For your reference, here is how the example files were created

Kickoff, nosotros download an example bam file from the 1000 genomes project

            wget ftp://ftp.1000genomes.ebi.ac.britain/vol1/ftp/technical/other_exome_alignments/NA06984/exome_alignment/NA06984.mapped.illumina.mosaik.CEU.exome.20111114.bam

And so the file is downsampled to give a much reduced set of reads. The original file can be removed

            java -jar $PICARD DownsampleSam I=NA06984.mapped.illumina.mosaik.CEU.exome.20111114.bam O=random.bam P=0.1 VALIDATION_STRINGENCY=SILENT  rm NA06984.mapped.illumina.mosaik.CEU.exome.20111114.bam

For convenience, we filter the file to keep only reads that are properly paired. And so picard is used again to extract the fastq information from the file. As the original alignments were a mix of 68 and 76 bases, we trim all the reads to 68 bases to processing easier.

            samtools view -f 0x02 -b random.bam > paired.bam   java -jar $PICARD SamToFastq I=paired.bam F=sample.fq1 VALIDATION_STRINGENCY=SILENT F2=sample.fq2 R1_MAX_BASES=68 R2_MAX_BASES=68

(OPTIONAL / Advanced)

If you are interested this department covers how to trim our data

Based on these plots we may desire to trim our data; fastqc will not do this for us.

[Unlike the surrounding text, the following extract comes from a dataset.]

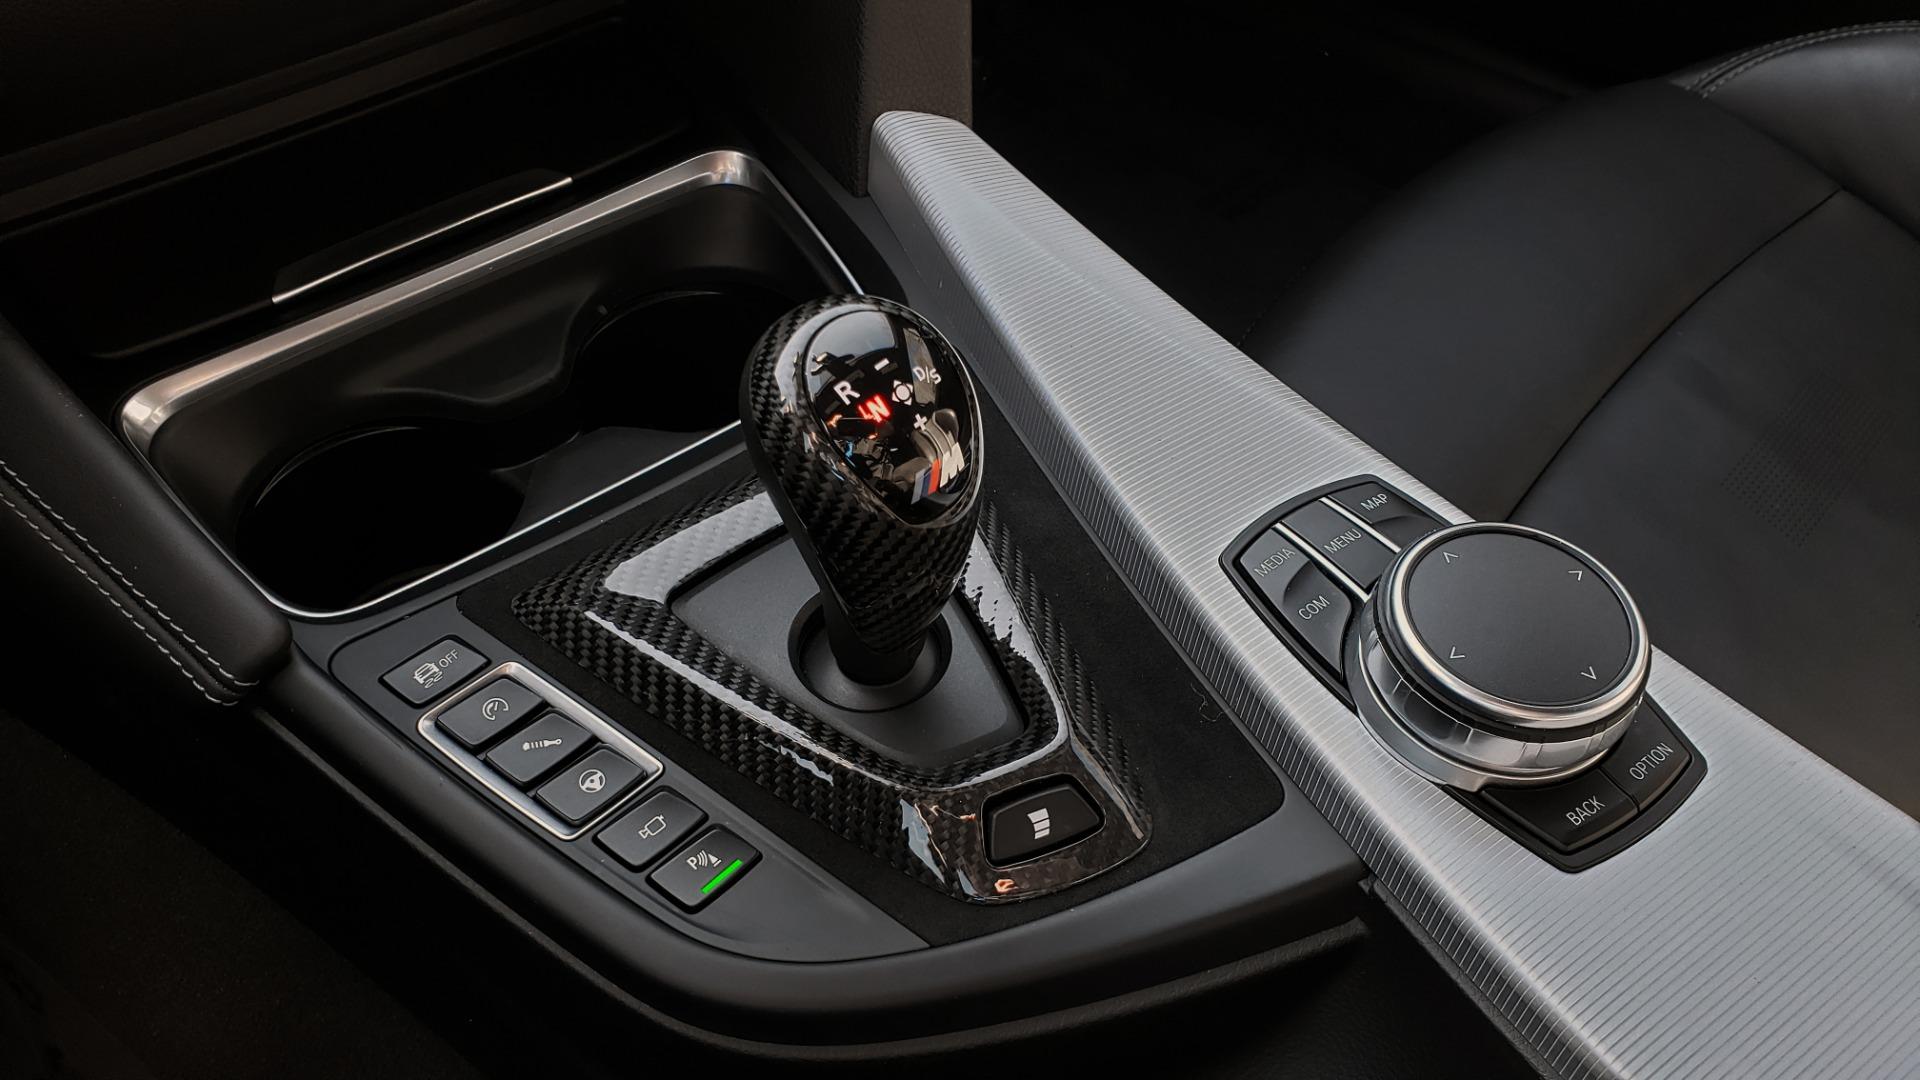 Used 2018 BMW M4 COMP PKG / EXEC / M-DRIVER / PARK CNTRL / ACTIVE BLIND SPOT for sale Sold at Formula Imports in Charlotte NC 28227 52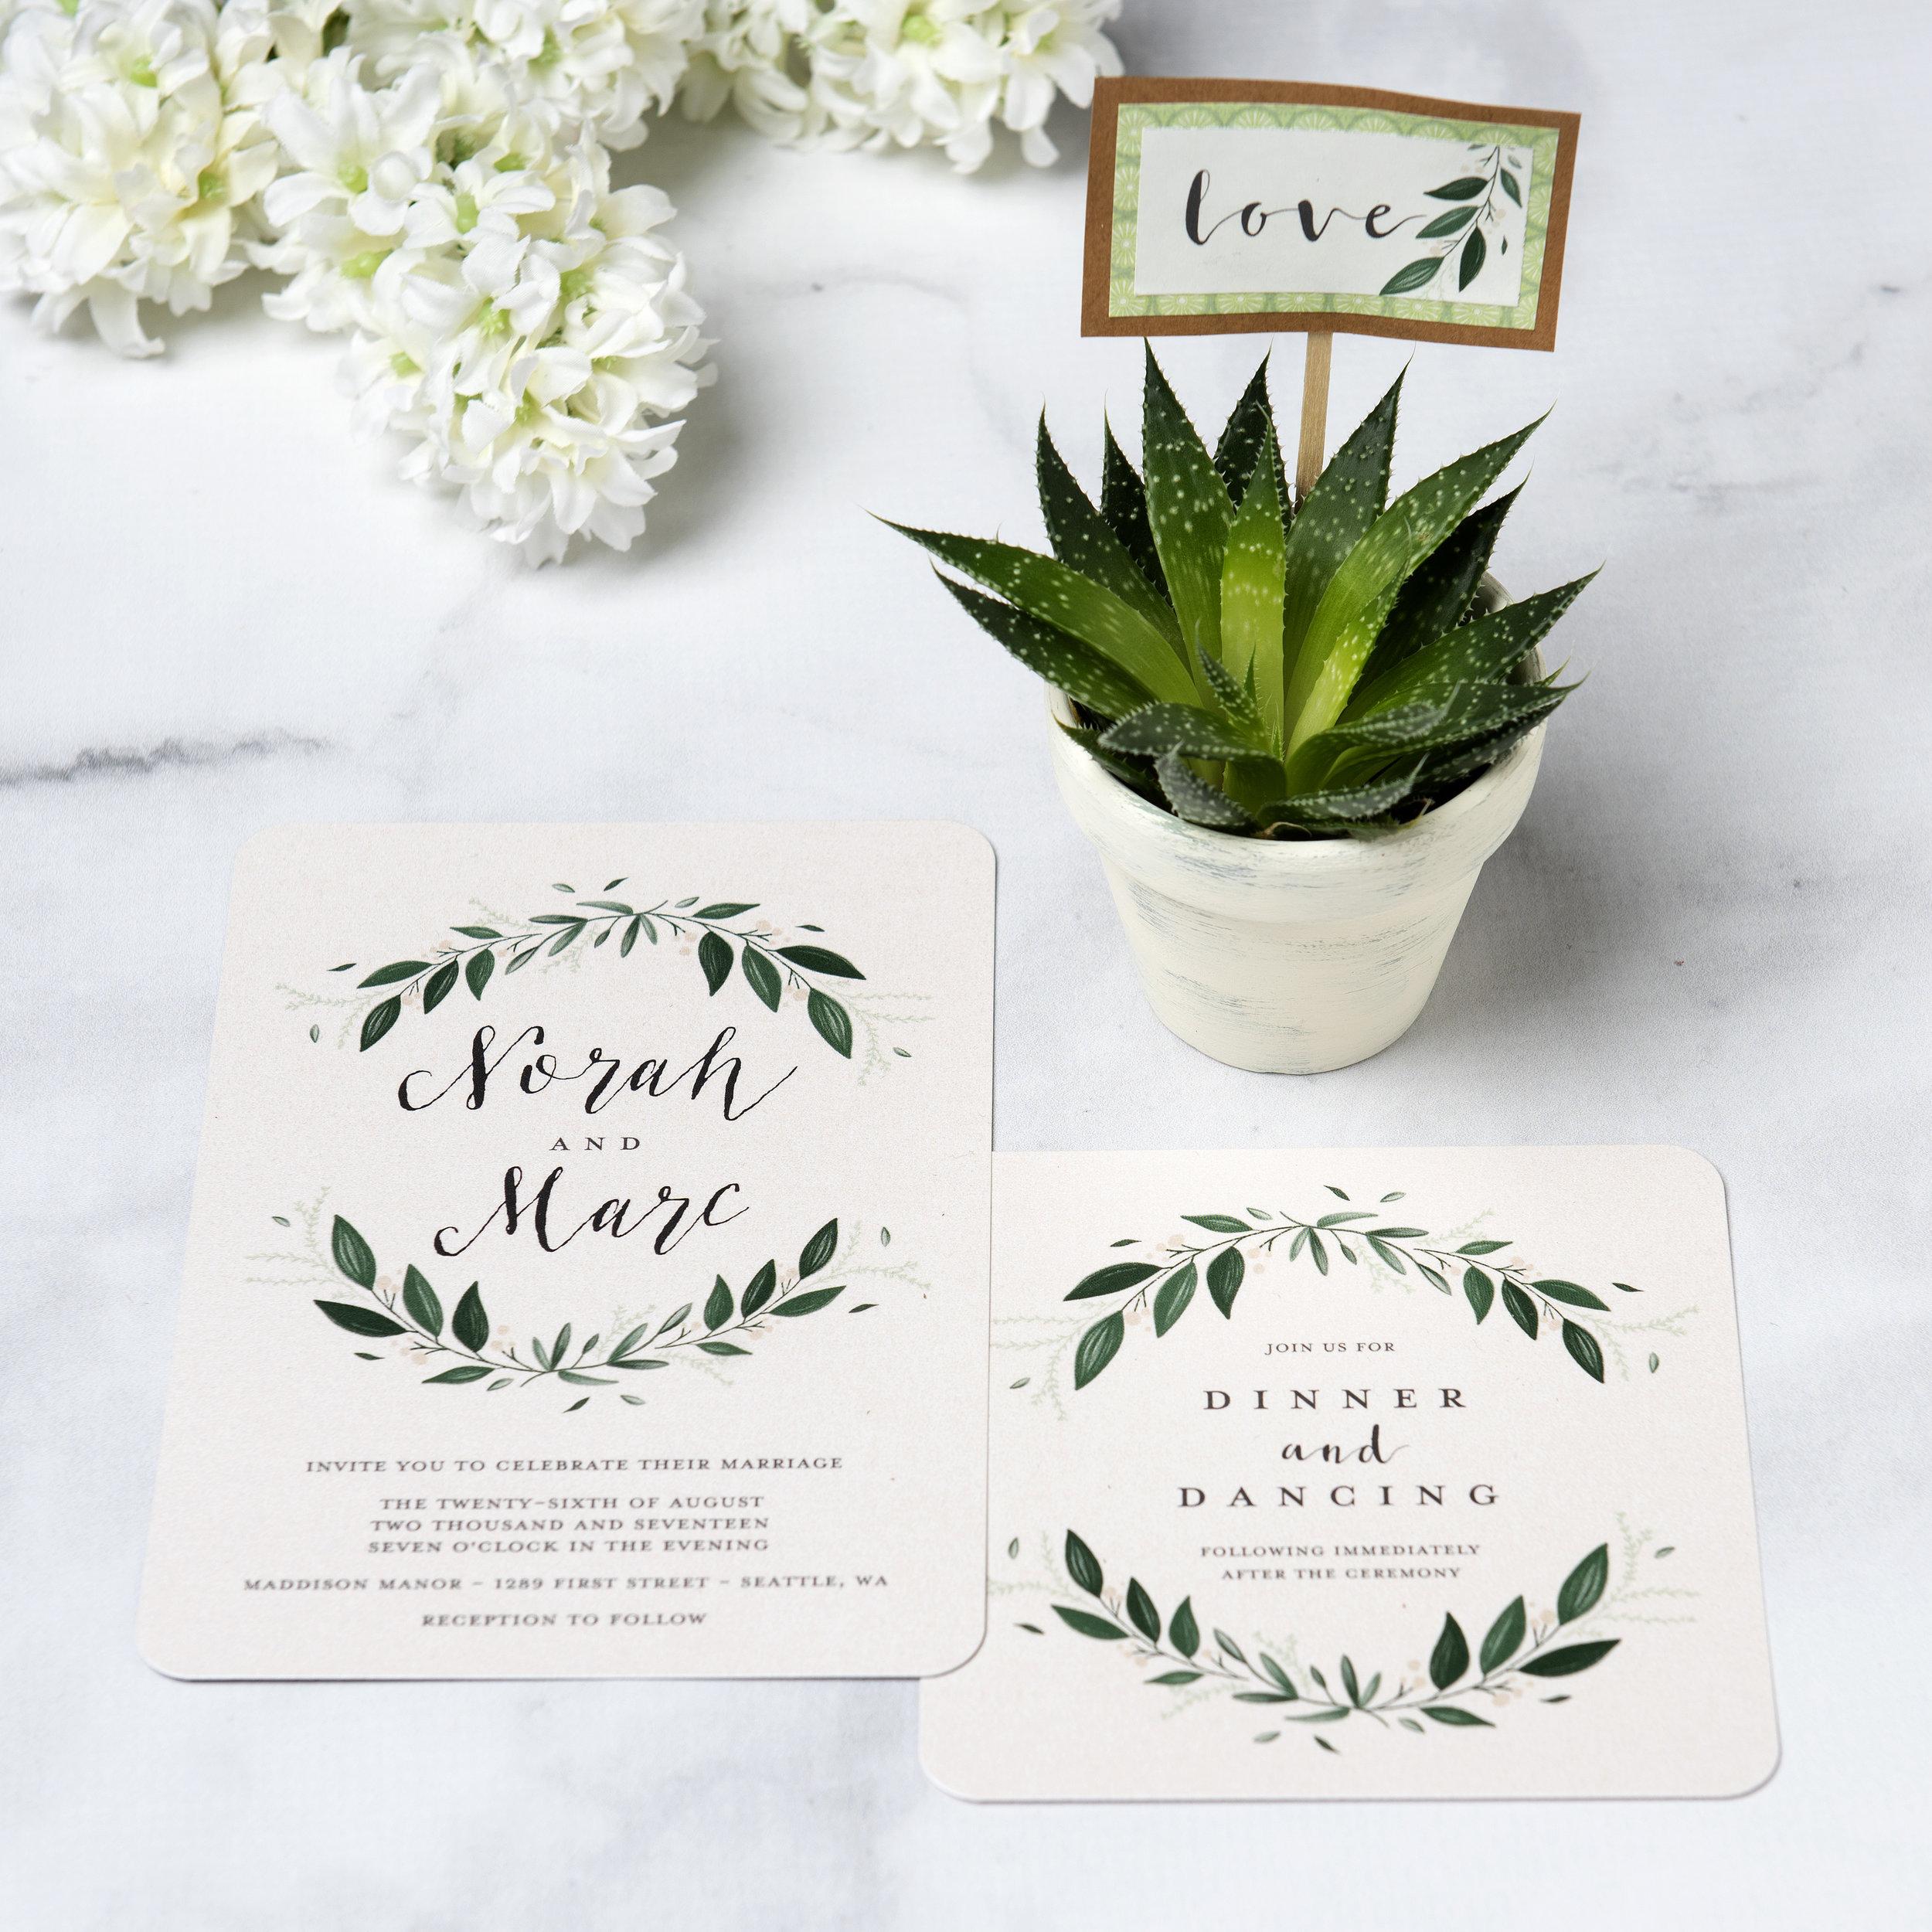 mixbook-marble-wedding-plaid-craft-diy-invitation-2.jpg

Pop choices are fastx_toolit, trimmomatic and cutadapt; all of which should exist installed on your computers. As implied past the proper noun, cutadapt is useful for removing adaptor sequences.

fastx_toolkit allows us to remove reads that do not accept a high enough proportion of high-quality reads.

You can run these commands after having run the CRUK Docker shortcut

            ## Check we're in the right directory cd /abode/participant/Course_Materials/Day1 fastq_quality_filter -v Q 33 -q 20 -p 75 -i /data/examination/sample.fq1 -o sample_filtered.fq

the options were used:-

            -i: input file -o: output file -five: study the number of sequences -Q:  33, determines the input quality ASCII offset -q: 20, the quality value required -p 75: the percent of bases required to have that quality value

the output should be something like…

            Quality cutting-off: 20 Minimum percentage: 75 Input: 6290535 reads. Output: 5399767 reads. discarded 890768 (fourteen%) low-quality reads.

It can also exercise straightforward trimming to a particular read length

            fastx_trimmer -5 -f 1 -l lx -i /data/test/sample.fq1 -o sample.fastx.trimmed.fq1

the options specified were:-

            -f: first base to continue -fifty: terminal base to go on -i: input file -o: output file -v: report number of sequences

Trimmomatic is interesting as it allows for differently-sized reads.

To use trimmomatic we tin can run the following in a Terminal. Here $TRIMMOMATIC is used to refer to the particular location that the tool has been installed to.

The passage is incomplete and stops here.